However, it has seldom been applied to water quality studies. In this study, decision tree analysis was 
employed to classify the water quality levels of reservoirs. The model consists of a set of rules to 
classify the water quality levels of reservoirs based on independent parameters derived from natural 
status and anthropogenic activities. In addition, GIS technologies have developed rapidly in recent 
years and have been successfully applied in various research fields. By contributing to multi-information 
storage and comprehensive multi-level analysis, GIS technologies have become powerful tools for 
ecological environmental investigations, particularly those involving wide spatial scales [18,19]. 

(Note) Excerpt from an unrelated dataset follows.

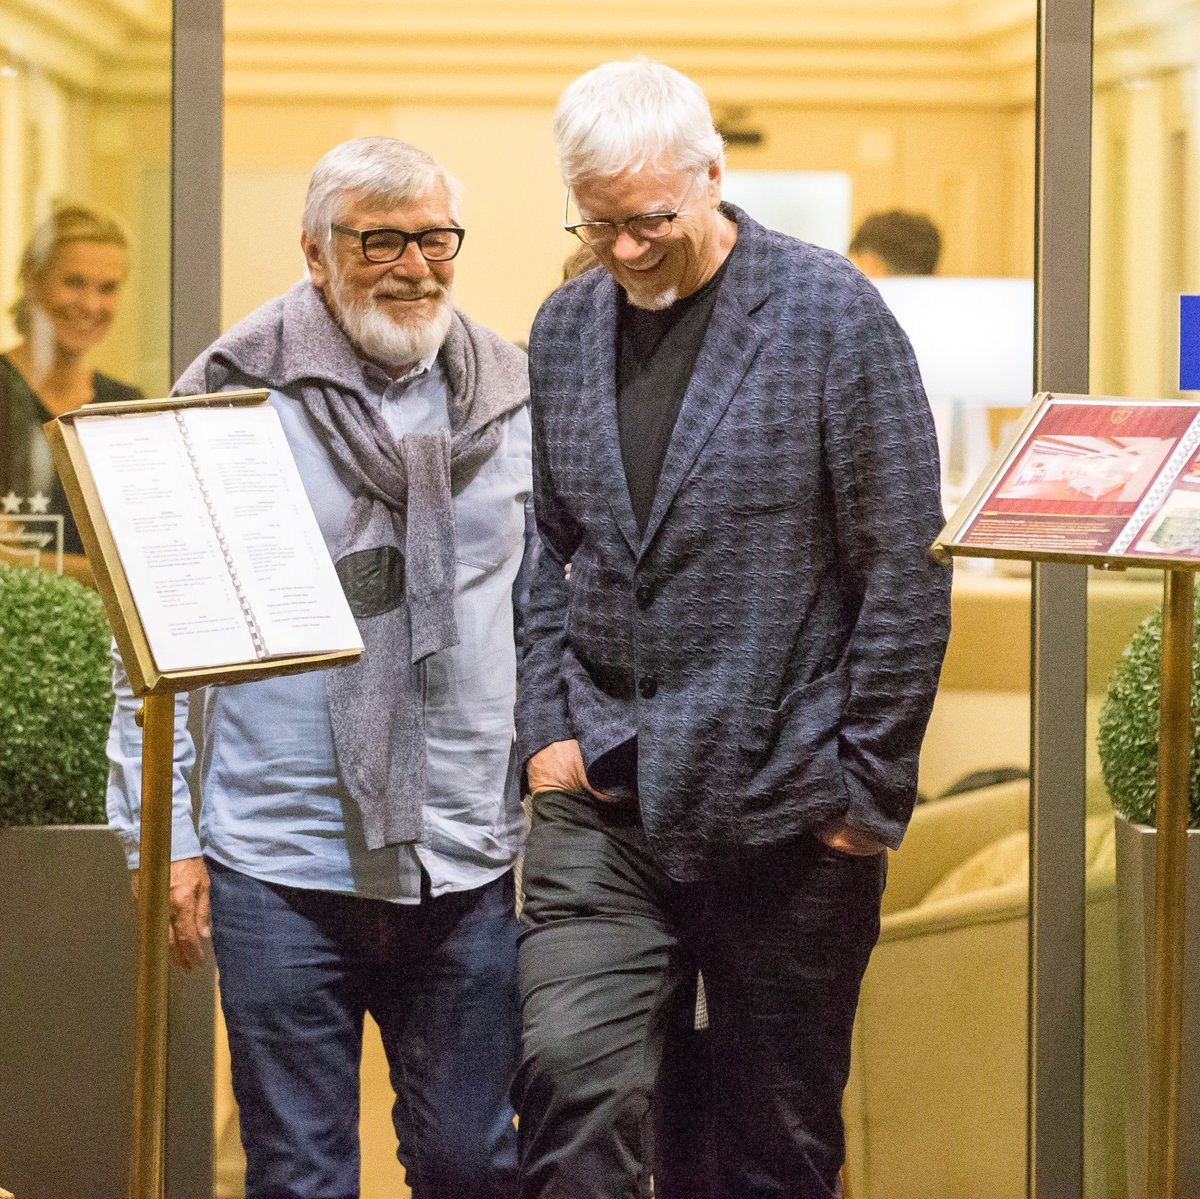 Tim Robbins povečeřel s ředitelem festivalu Jiřím Bartoškou a očividně si padli do noty. Bavili se spolu až dlouho přes půlnoc, než se odebrali do Grandhotelu Pupp

Considering the history and current status of water quality and protection measures for drinking-water 
reservoirs in Zhejiang Province, this paper focuses on the following four main objectives: 
(1) to establish a decision-making model integrating GIS and classification and regression tree (CART) 
decision tree analysis for evaluating and analyzing the potential factors impacting reservoir water 
quality; (2) to identify the parameters that are most closely related to water quality and assess 
the quantitative importance of these factors on water quality; (3) to analyze the relationships between 
the identified important parameters and water quality and provide basic information for improving 
the protection of reservoir water resources. 

2. Materials and Methods 

2.1. Study Area 

Zhejiang Province, which is located in China's eastern coastal area, is one of the most developed 
provinces in China. With an area of 101,800 km 2 and a population of 54.77 million, Zhejiang is also 
one of the smallest and most densely populated provinces. The terrain in Zhejiang is complex and 
dominated by mountains and hills, which represent 70.4% of the area of the province. Plains and basins 
cover 23.2% of the province, whereas rivers and lakes cover 6.4%. Characterized by a subtropical 
monsoon climate, the region is warm and humid with substantial rainfall, distinct seasons, 
and sufficient sunlight. The annual average temperature ranges from 15 °C to 18 °C, and the annual 
average precipitation is between 980 and 2,000 mm. There were 479 reservoirs serving as sources of 
drinking water in Zhejiang Province in 2010. For this study, we selected 73 reservoirs representing the 
most important drinking water source reservoirs as an indicator of the overall reservoir status in 
Zhejiang Province. The locations and relative sizes of the sampled reservoirs are shown in Figure 1 .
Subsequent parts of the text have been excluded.